Прокачка износившихся за время войны идеологических тормозов охватывает все сферы жизни. В феврале 1948 года начинается очередная промывка: теперь очередь дошла до музыки. И опять все та же характерная черта идеологической работы: в назидание всему народу публично секут интеллигенцию. На этот раз громят «противников русской реалистической музыки, сторонников упадочной, реформалистической музыки». В сущности, с некоторыми музыкальными нюансами идет травля «космополитов». «Среди части советских композиторов, — говорится в Постановлении ЦК ВКП(б) «Об опере «Великая дружба» В. Мурадели», — еще не изжиты пережитки буржуазной идеологии, питаемые влиянием современной упадочной западноевропейской и американской музыки». Виднейших советских композиторов, создавших в годы войны известные всему миру шедевры симфонической и инструментальной музыки, — Шостаковича, Прокофьева, Хачатуряна, Маяковского, Шебалина, Шапорина, Глиэра, Кабалевского, — обвиняют в антинародности, в том, что они «ведут на деле к ликвидации музыки».
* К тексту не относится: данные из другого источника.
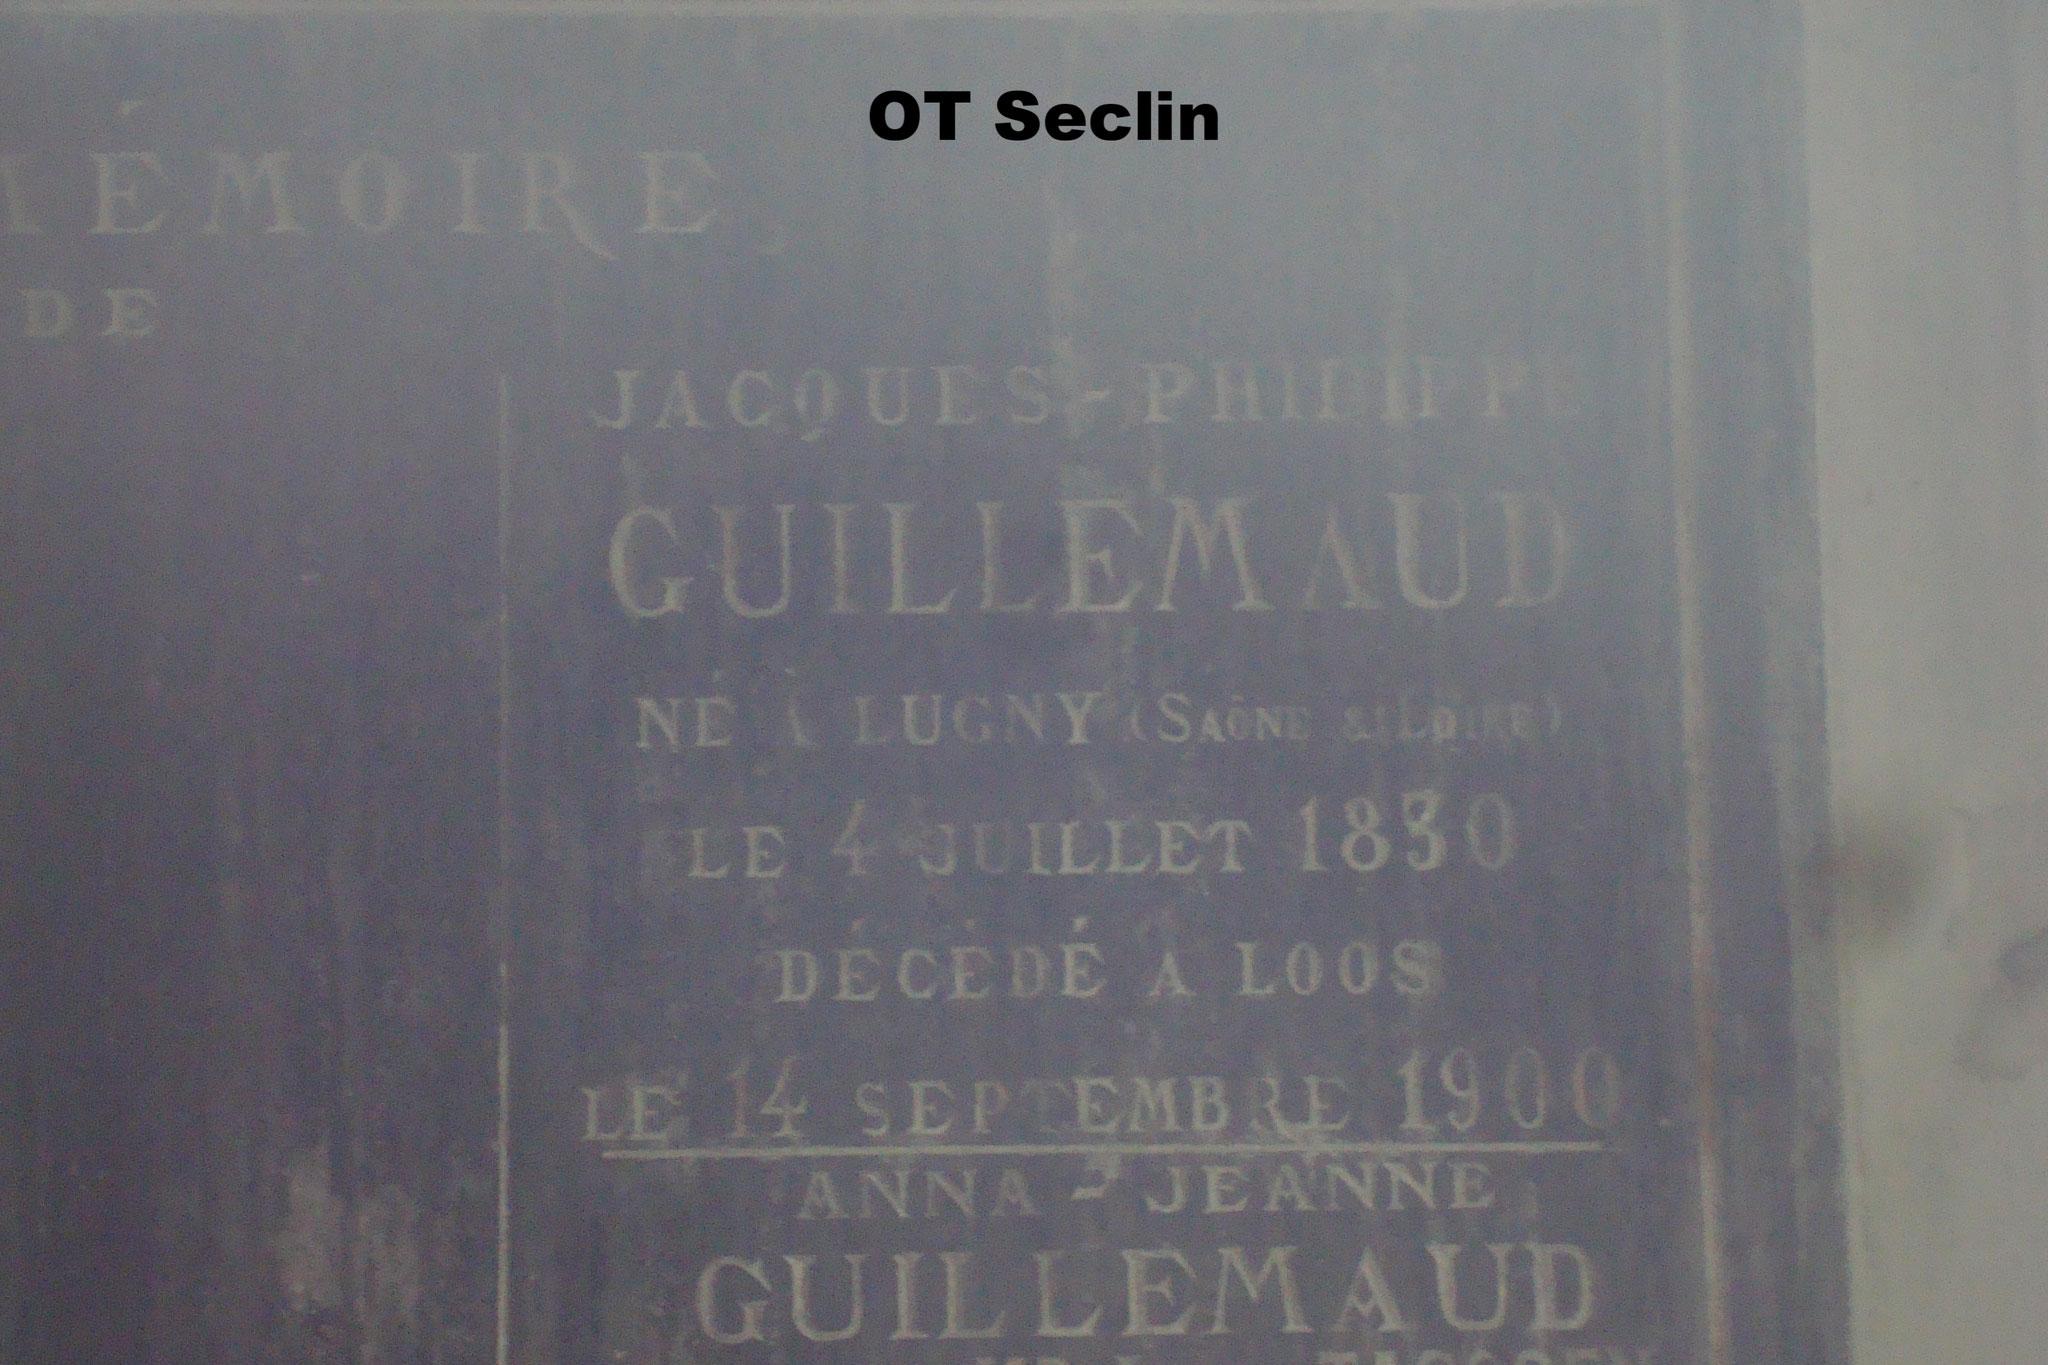 Le caveau des Guillemaud de Loos - intérieur

По уже заведенному ритуалу десятки известных советских композиторов, музыковедов, музыкальных критиков вынуждены пройти «очистительную» процедуру самошельмования. Ритуальное чистилище открывает верховный идеологический жрец Сталина А. Жданов. Вышедший в апреле 1948 года первый номер журнала «Советская музыка» не оставляет сомнения в том, чего, собственно, власть требует от советских композиторов. В качестве высших образов музыкального творчества в журнале приводятся «нотные приложения» — три лучшие песни о Сталине: «Кантата о Сталине», «Песня о Сталине» и «Величальная И. В. Сталину». Народу предлагалось петь «спокойно, торжественно, мужественно».
Величаем мы сокола,
Что всех выше летает,
Чья могучая сила
Всех врагов побеждает.
Величаем мы сокола,
Друга лучшего нашего,
Величаем мы Сталина—
Всенародного маршала.
Что касается других жанров советской музыки, то по этому поводу с замечательной простотой высказался один из «везунчиков» эпохи композитор Мариан Коваль (Сталинская премия за 1943 год.)
«…Неверно, что мы не имеем положительных образов музыкального творчества. Но если бы даже их и не было, у нас есть зато Постановление ЦК ВКП(б)».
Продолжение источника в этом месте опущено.